Last command will run your webpage probably on localhost with port 8000. See the output from command, then you can open the page. Otherwise you can run it on your webserver for production for example with gunicorn, supervisor. This is more complicated way and demands some administration skills for linux.

Architecture

This projects consists of six modules:

Config contains class for parsing xml document. In config module there is a xml with specifing twitter profiles with categories. Database modules are used for scripts, to store data for experiments in Scripts module.

Crawler is module with class TwitterCrawler which contains interface for downloading data from twitter. This class is based on tweepy library which is working with twitter api, with tokens that are generated from twitter for this application. There are methods for streaming data(streaming api), search data(search api) and it can be easily improve with just adding new methods.

Miner module contains main methods for parsing and cleaning text data, and learned classifiers for detecting sentiment and categories. Method text_parsing will go throug text/tweet and removes the url, punctuation, small words, shorten words(like cooool to cool) and so on. The main classifier method are get_sentiment and get_category which save to database predicted results. Classification is based on scikit-learn library, the classification pipeline which consists of CountVectorizer, TF-IDF and Classifier is loaded by pickle(class for data dumping). This classifier was trained by scrip 00011b from Scripts folder.

Scripts folder contains more than 12 scripts which are basicaly scripts for downloading data, manipulating data, training classifiers and so on.

The last module Website contains project in Django, this module represent ui-web interface client. There are three web applications Website, Manage, Twitter. Manage is for authentication of user(test user is admin:admin), caching sessions and User database table. Website app has basic settings for django project. Twitter application contains views for searching and analysing twitter data. Be aware that there is limitation on twitter api.

Django web application

Django data models

The web application currently works with two data models all of them are specified in models.py files. First model is User of the system, currently there is only one user after make init_web and that is:
user:admin
password:admin
Second model is for storing analyzed data from search/profiles called Profile. This models contains fields name, number of positive and negative tweets, number for each categories, overall count of tweets and boolean value if analytics is computed with cellery or not.
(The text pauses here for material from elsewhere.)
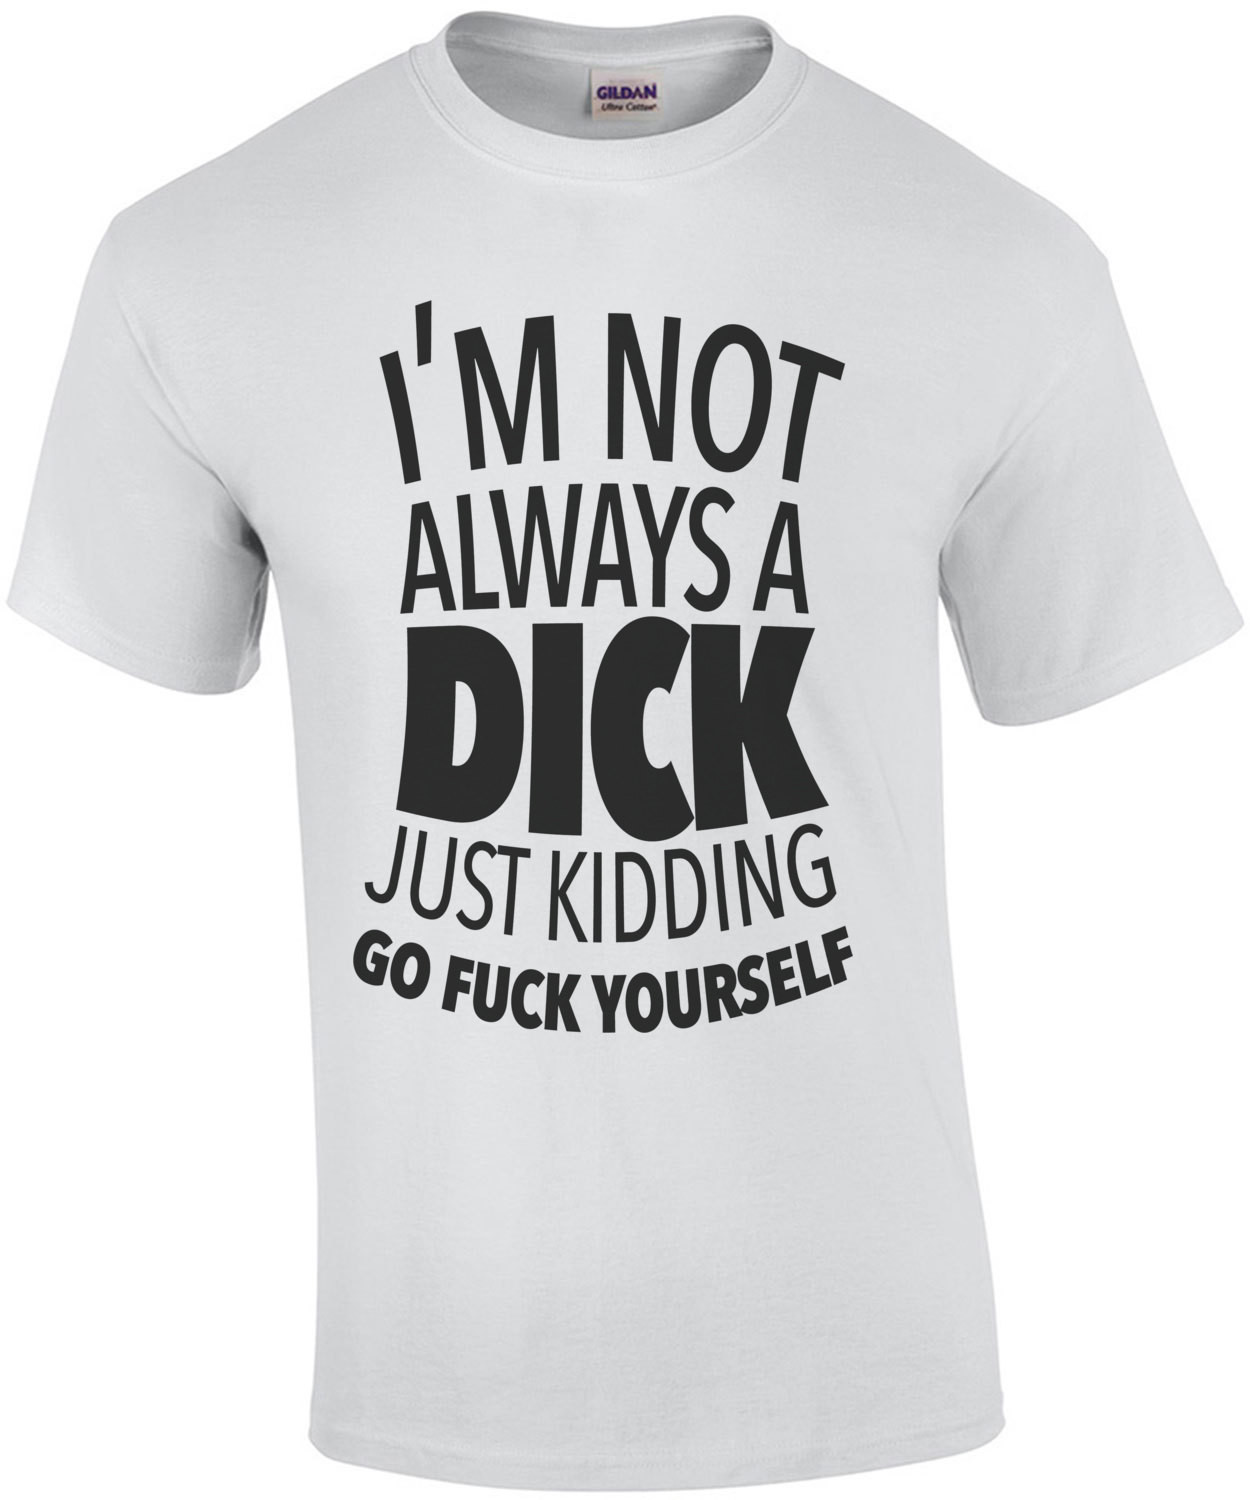 I'm not always a dick just kidding go fuck yourself - insult t-shirt
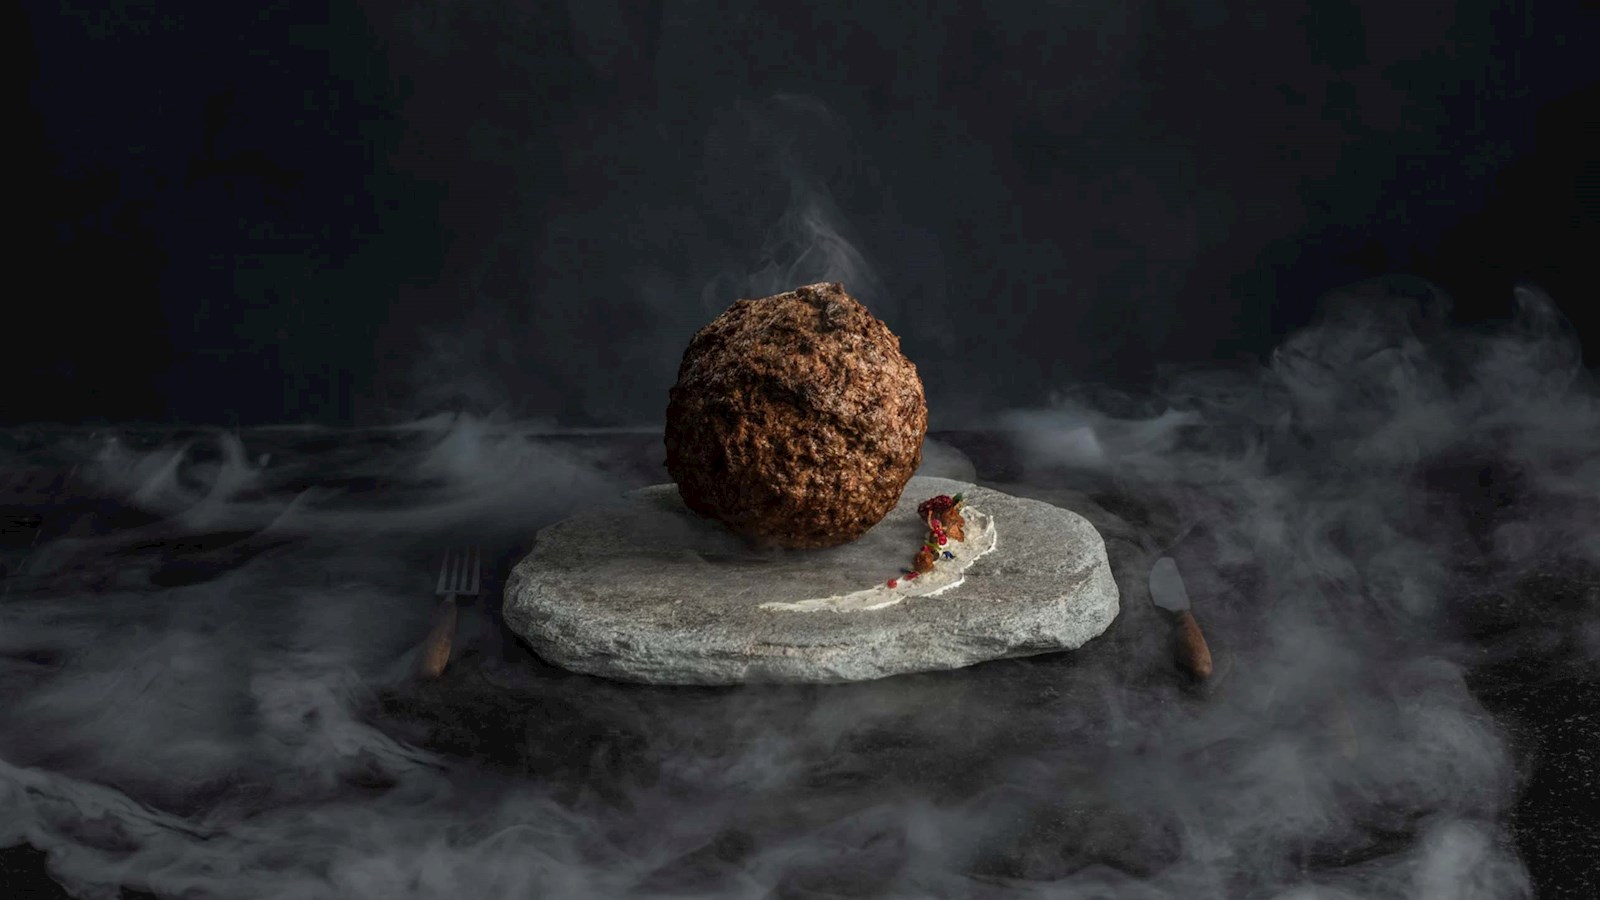 A large meatball made of mammoth meat on a stone platter in a dark studio set with mist swirling around it

How are analytics computed?

Computing of twitter timeline(currently there are data downloaded trough search api and not timeline as I want to show results much faster, but it can be easily switch to timeline with change of method from TwitterCrawler) analysis is done through Celery tasks because the computing can take a few seconds, so the user doesn't need to wait for loading web page. The method which is computed behind the web application is decorated with @shared_task. When this method is called the Celery(Celery is an open source asynchronous task queue/job queue based on distributed message passing.) run this method. Celery needs some broker for messages, in this project I used the RabbitMQ which is recommended.

Screenshots

There are three screenshots showing searching tweets and classifing them into categories, sentiment and there is also dashboard screenshot(main page).

Data

It is hard to obtain big amount of data through search api from twitter because of their restrictions. For the categories classifier I choose to create the twitterData.xml which contains several profiles with category. Script 00001b will go through this file and download <800 tweets from every of this profile. Only english tweets and tweets with more than 4 words were downloaded. Final training dataset contains cca 51000 tweets with eight categories. For example "IT" category contains data from microsoft, google, ... profiles. Ten percent of data was randomly chosen to test dataset 90 percent of data are in training data set. For test dataset i choose that every category will have 600 tweets. So the resulting test dataset contains 4800 tweets. Text of tweet can have missing some of the words because of preprocessing. If you need new/actual twitter dataset you can run script:

First script will download the data to sqlite db from twitterData.xml, you can extend this xml with new profile and categories. Second script will convert downloaded data to text file so you can easily use it in your experiments.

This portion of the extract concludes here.